*Task prompt:*
A word-for-word copy of the listing is required, and it must contain no pictures.

*Information shown:*
==*==

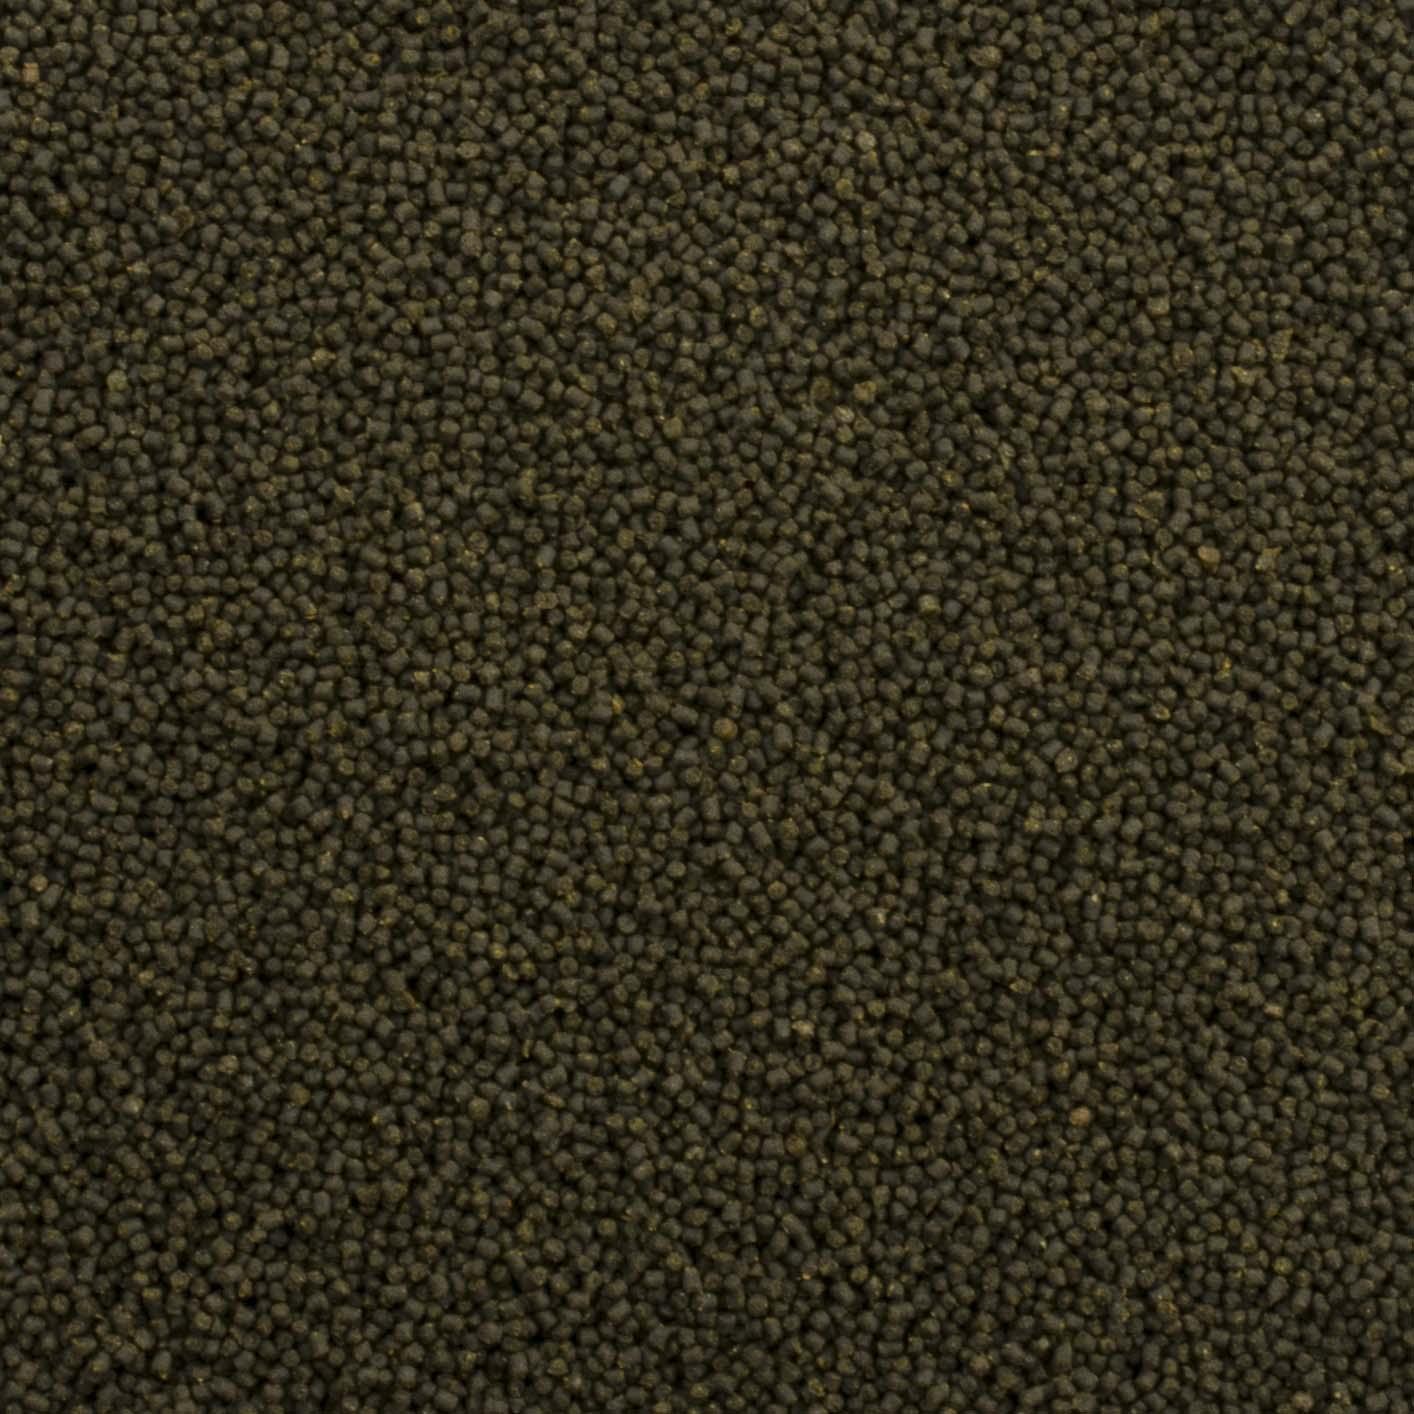 Marine Power Coral Food LPS Mini Granules 70gr  - KZ Power
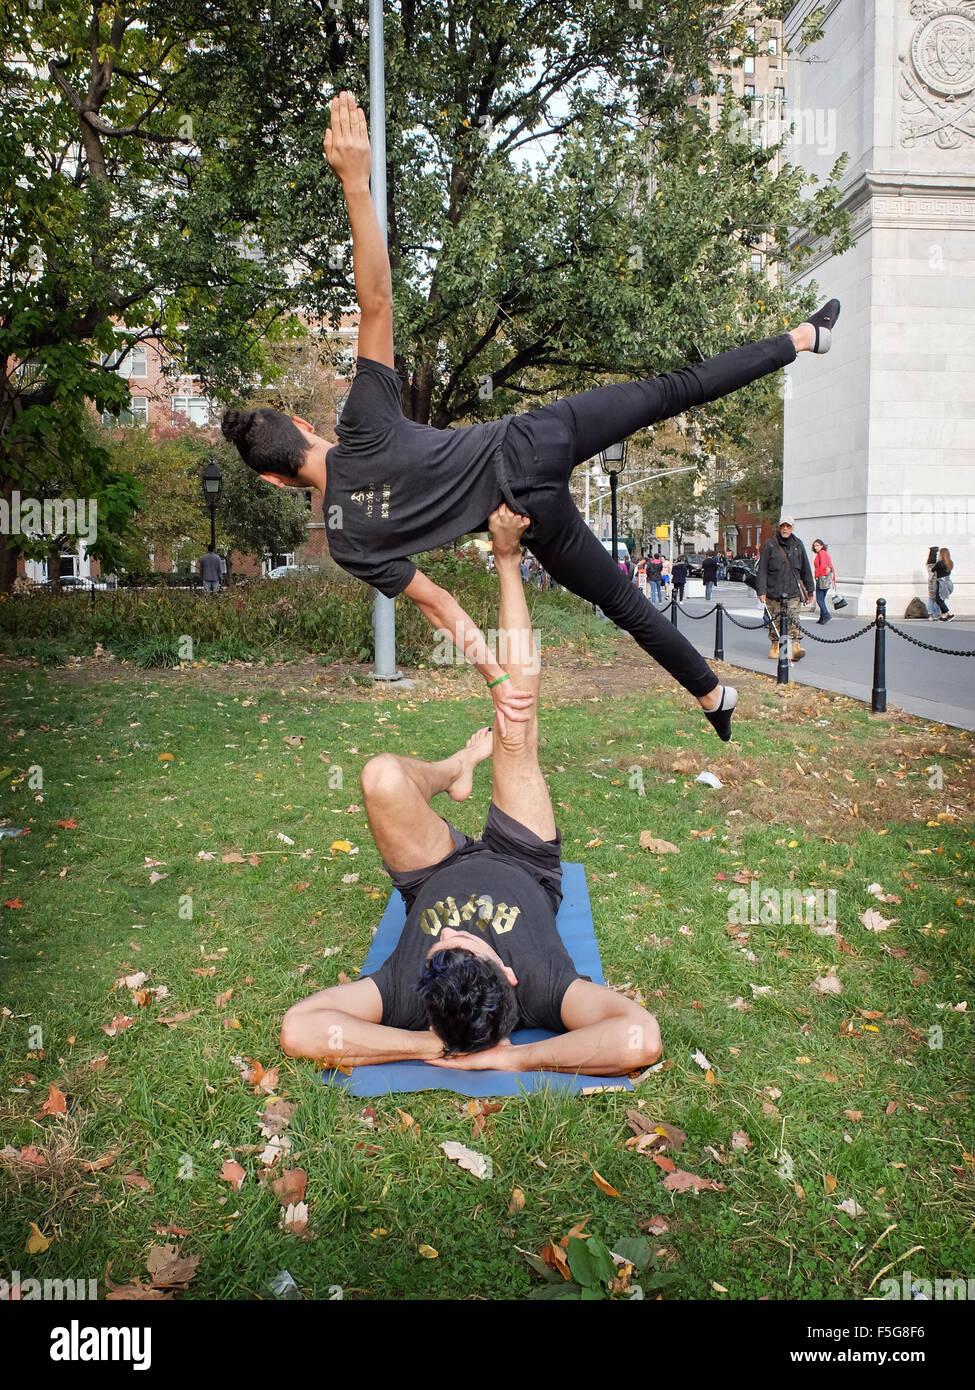 Acro Yoga Stock Photos & Acro Yoga Stock Images - Alamy
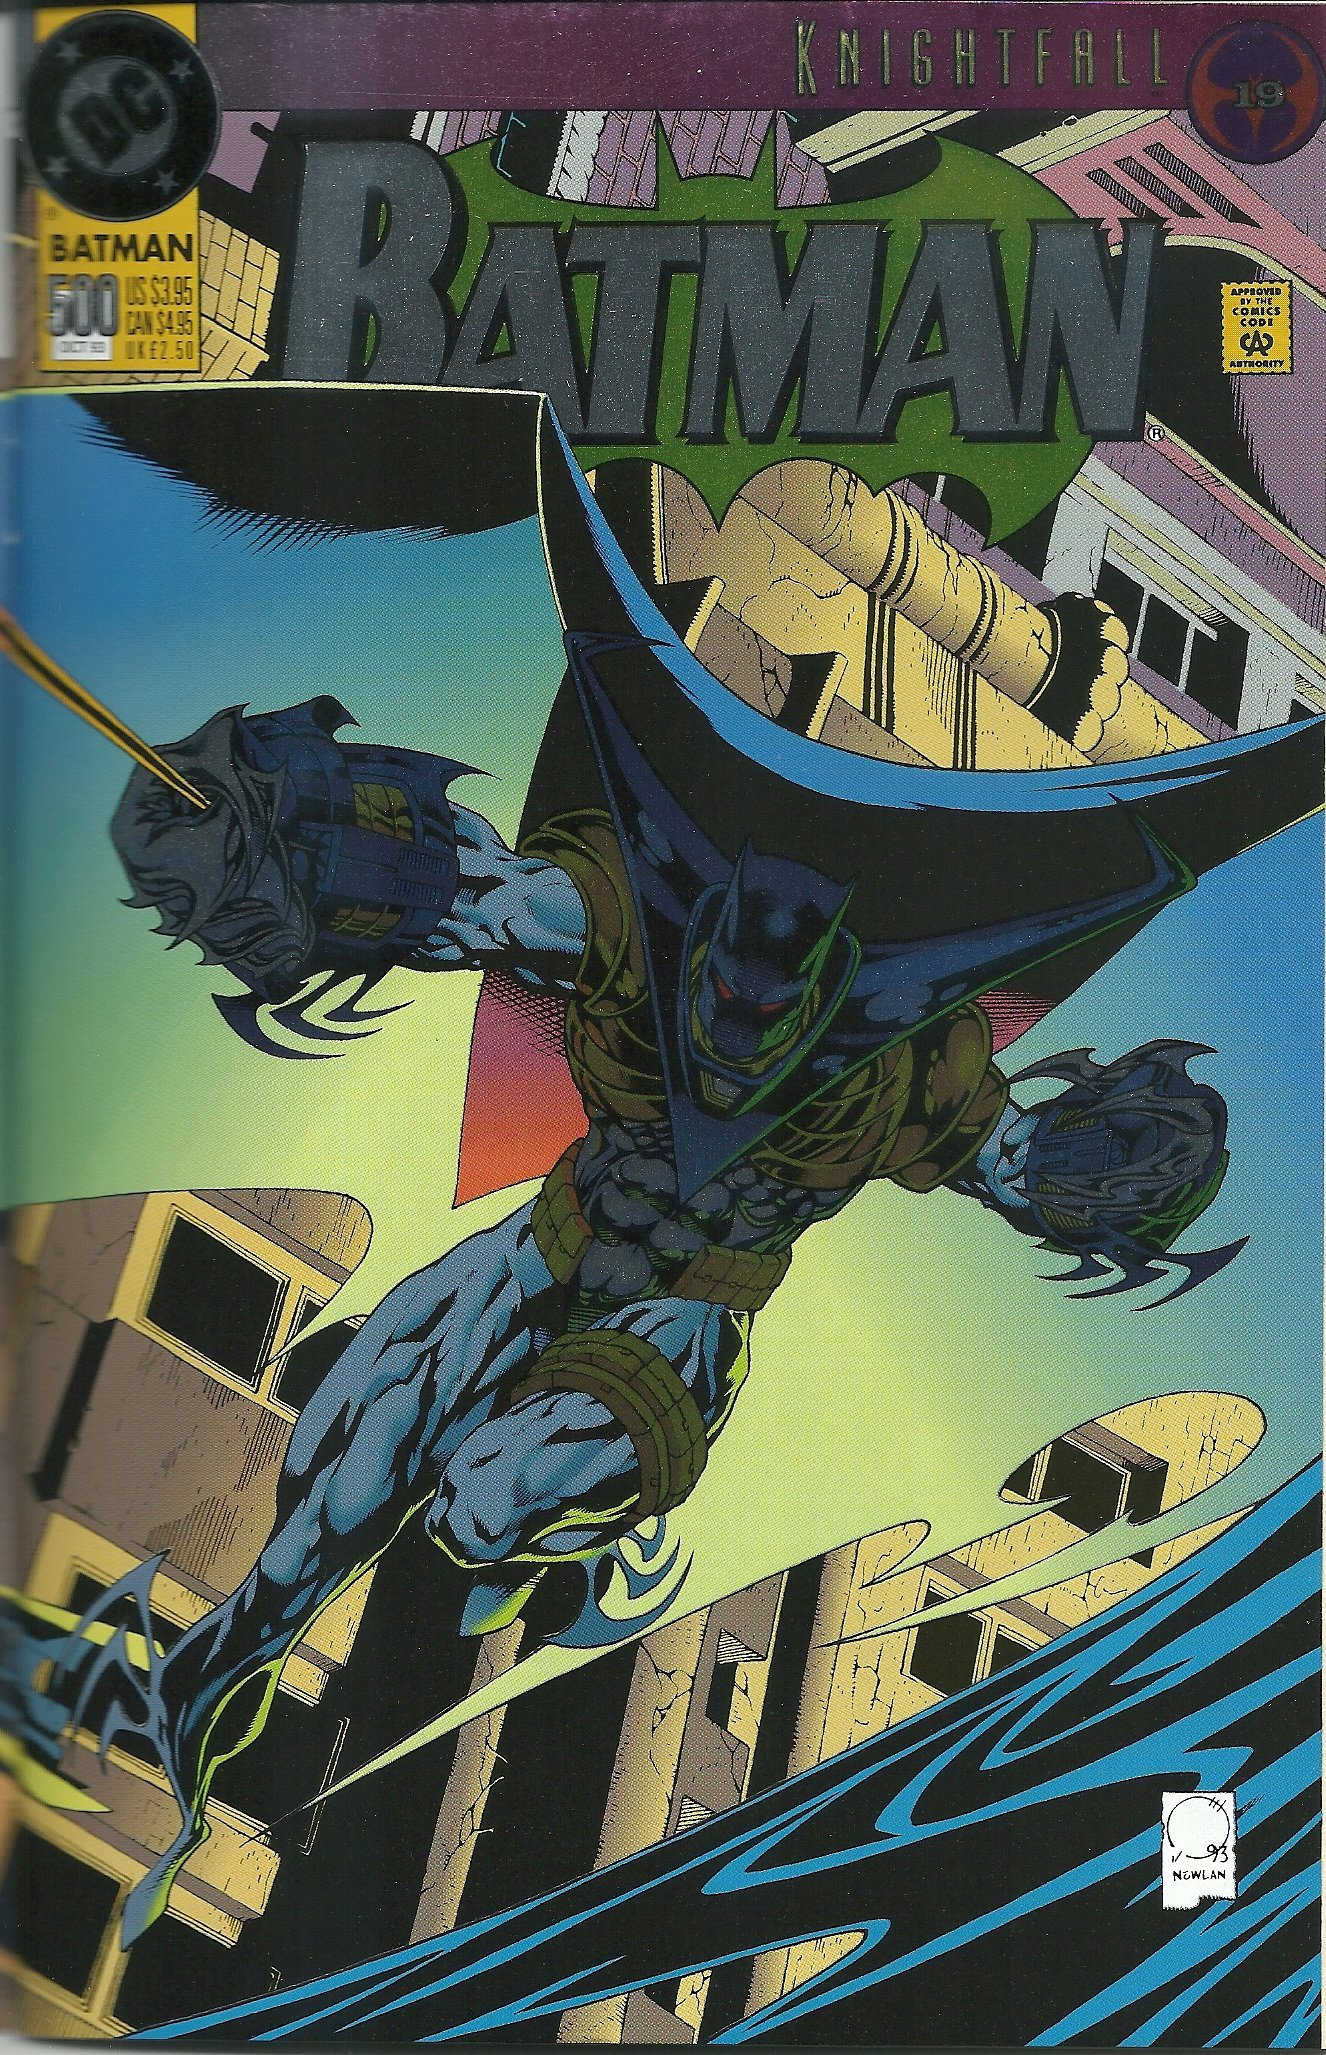 Batman Number 15 Knightfall 15 15 Jim Aparo, Mike Manley, Doug ...

==*==

*Result below:*
 Marine Power Coral Food LPS Mini Granules 70gr  - KZ Power
 Acro Yoga Stock Photos & Acro Yoga Stock Images - Alamy
 Batman Number 15 Knightfall 15 15 Jim Aparo, Mike Manley, Doug ...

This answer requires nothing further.